The Company reserves the right to scale back any order at its
discretion. The Company reserves the right to reject any
application for subscription under the Retail Offer without giving
any reason for such rejection. The Retail Offer is not being
underwritten.
It is important to note that once an application for Retail
Shares has been made and accepted via an Intermediary, it cannot be
withdrawn.
The Retail Offer is an offer to subscribe for transferable
securities, the terms of which ensure that the Company is exempt
from the requirement to issue a prospectus under Regulation (EU)
2017/1129 as it forms part of UK law by virtue of the European
Union (Withdrawal) Act 2018. It is a term of the Retail Offer that
the aggregate total consideration payable for the Retail Shares
will not exceed GBP1.0m (or the equivalent in Euros).
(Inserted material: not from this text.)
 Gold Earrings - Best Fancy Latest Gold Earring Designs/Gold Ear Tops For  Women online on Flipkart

The exemption
from the requirement to publish a prospectus, set out in section
86(1)(e) of the FSMA, will apply to the Retail Offer.
A separate announcement will be made by the Company regarding
the Retail Offer and its terms.
The Retail Offer remains conditional on, inter alia:
(a) the Placing being or becoming wholly unconditional;
(b) Admission of the New Ordinary Shares becoming effective by
no later than 8.00 a.m. on 10 January 2024 or such later time
and/or date as Cavendish and the Company may agree.
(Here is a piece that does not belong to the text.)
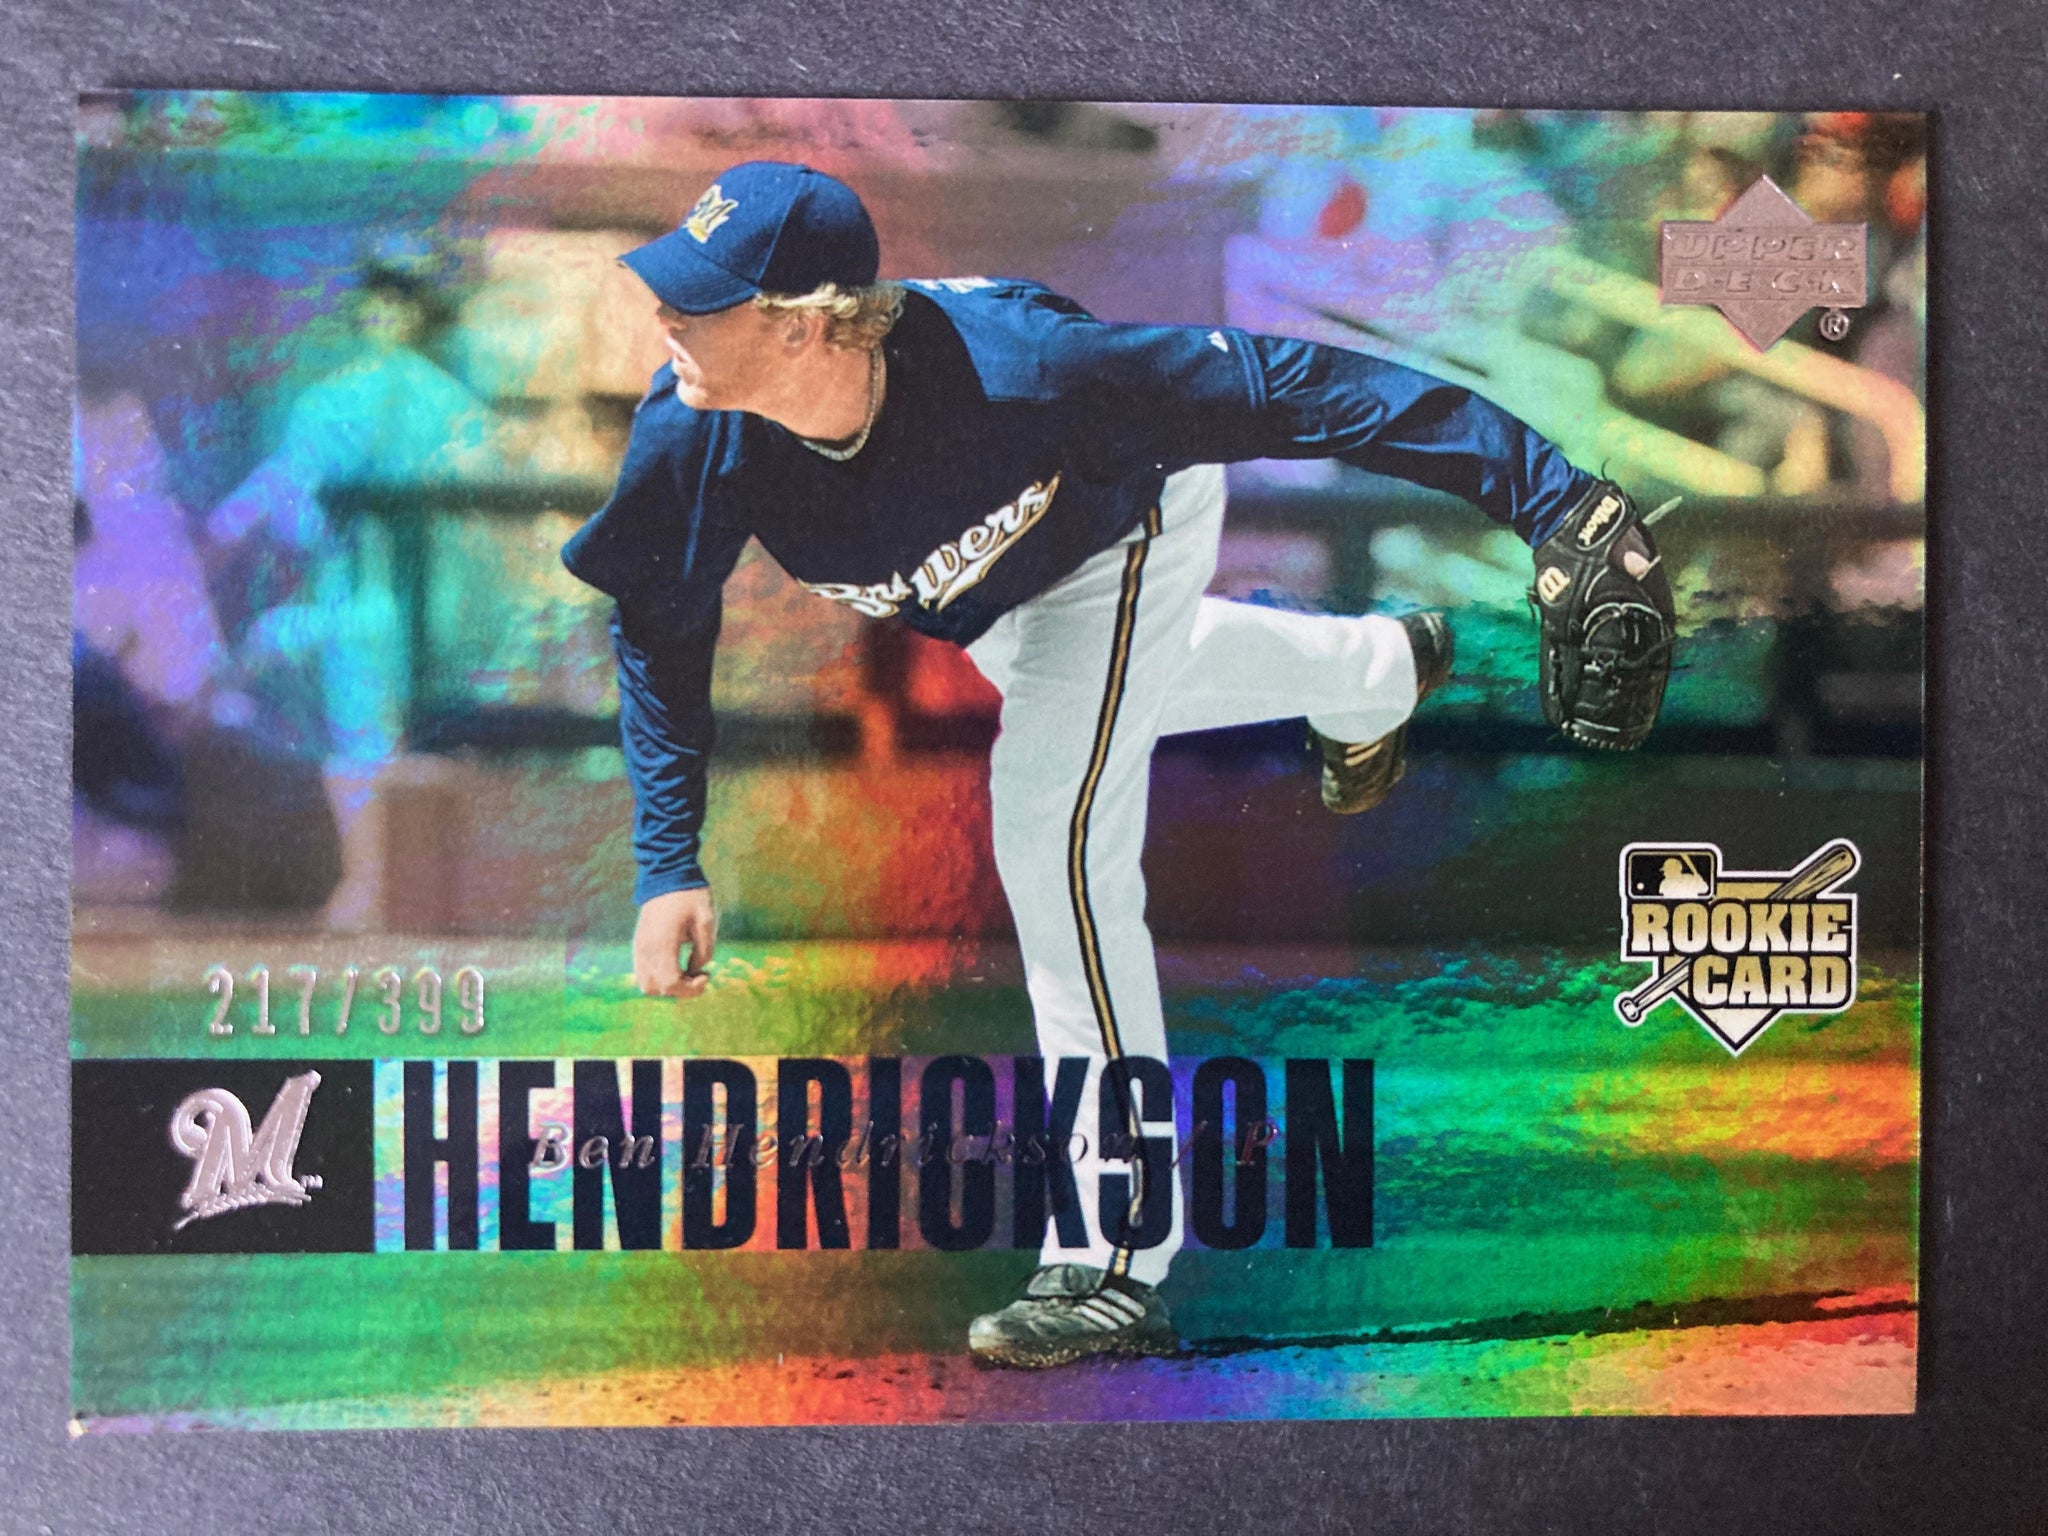 Ben Hendrickson #964 Rookie Card 2006 Milwaukee Brewers Upper Deck #d 217/399

Conditional on Admission taking effect, up to 20,000,000 Retail
Shares will be issued pursuant to the Retail Offer at the Issue
Price to raise proceeds of up to GBP1.0 million (before expenses).
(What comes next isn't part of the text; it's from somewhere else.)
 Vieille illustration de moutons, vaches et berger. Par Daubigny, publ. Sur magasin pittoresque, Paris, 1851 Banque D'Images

The Retail Shares, when issued and fully paid, will rank pari passu
in all respects with the Existing Ordinary Shares (including the
Placing Shares).
Application will be made to the London Stock Exchange for
Admission of the Retail Shares to trading on AIM. It is expected
that Admission will occur and that dealings will commence at 8.00
a.m. on 10 January 2024, at which time it is also expected that the
Retail Shares will be enabled for settlement in CREST.
If you are in any doubt as to what action you should take, you
should immediately seek your own personal financial advice from
your stockbroker, bank manager, solicitor, accountant or other
independent professional adviser duly authorised under the
Financial Services and Markets Act 2000 (as amended) if you are
resident in the United Kingdom or, if not, from another
appropriately authorised independent financial adviser.
Settlement and Dealings
The New Ordinary Shares, when issued, will be fully paid and
will rank pari passu in all respects with the Existing Ordinary
Shares, including the right to receive all dividends and other
distributions declared, made or paid after the date of issue.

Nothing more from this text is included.